Mailing List Etiquette was freebsd vs. netbsd
Chris Knipe
savage at savage.za.org
Tue Jun 16 14:22:05 UTC 2020
On Tue, Jun 16, 2020 at 4:06 PM Aryeh Friedman <aryeh.friedman at gmail.com>
wrote:
> Simple - don't email it. If you do, attach it as an attachment (MIME is
>> there for a reason)...
>>
>> There's GIT / CVS / Take your pick for a reason... :-)
>>
>
> If you don't like email then you should not be using FreeBSD because for
> better or worse the community has standardized on email as the primary tech
> support venue and thus absolutely needs to have something that can be used
> to give tech support (including 100% accurate cut and pasting).
>
And again - there's absolutely -nothing- wrong with that at all, I never
said that there was... Millions of companies provide support to millions of
users every day using email... That being said, I get a 80 character plain
text email from a company as "support," I deem that as unprofessional, and
the email will more than likely just be deleted. We live in modern times,
unfortunately.
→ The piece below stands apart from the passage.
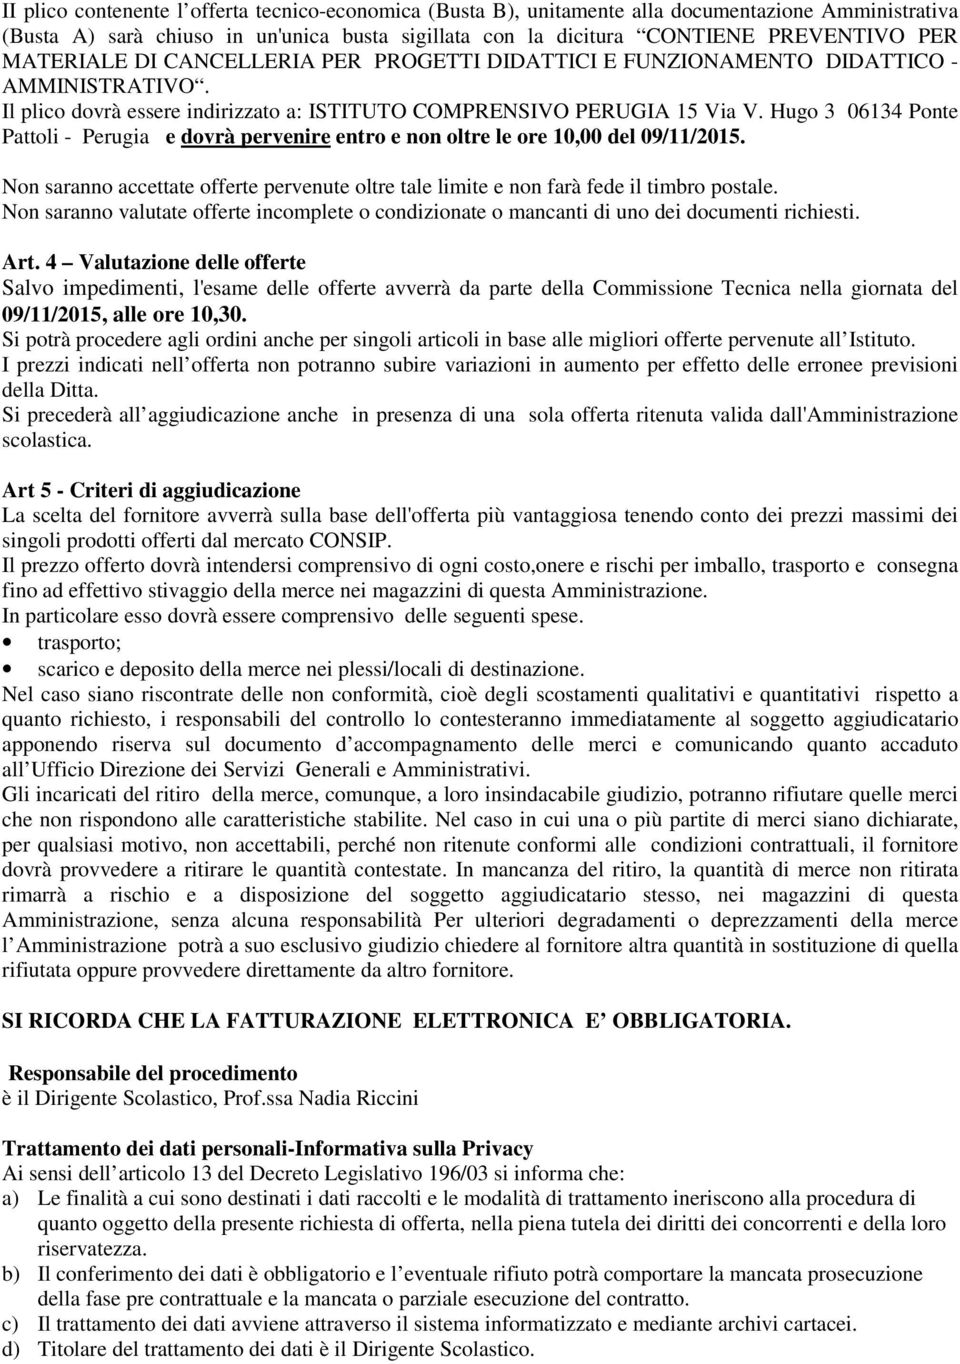 Hugo 3 06134 Ponte Pattoli - Perugia e dovrà pervenire entro e non oltre le ore 10,00 del 09/11/2015. Non saranno accettate offerte pervenute oltre tale limite e non farà fede il timbro postale.

Presentation matters, whether you like it or not.
Cut & paste from the attachment, then you won't have any formatting issues
from any MUAs, but I guess it's too much effort to open the attachment.
There's plenty of solutions (UUEncode/BASE64, as you so nicely put it, has
also been trialed and tested over many, many years, just FYI - it also has
the benefit of < 80 characters wide), 80x25 is not one of them, and whether
you like it or not, you will -never- get the world to adhere to a 80 (or 74
or whatever) character wide email. The world has moved on, deal with it.
The fact is, you should be committing your code to a repository, and
checking said code out of said repository when you need it. In an open
source environment, said code is also publicly viewable using any half
decent web browser (I guess GITHUB is also doing it wrong?) No, code
should not be shared via email - and if you do then so be it - your choice,
not a requirement. You don't need to email the code, all you can do is
email a URL to your commit / diff... Again, too much effort to open a URL
right? I forgot that in the old days without GUIs, we couldn't even double
click. I guess you still can't today.
Again, it's the minority that is sharing code via email... In fact, I would
say very, very, very little people do it.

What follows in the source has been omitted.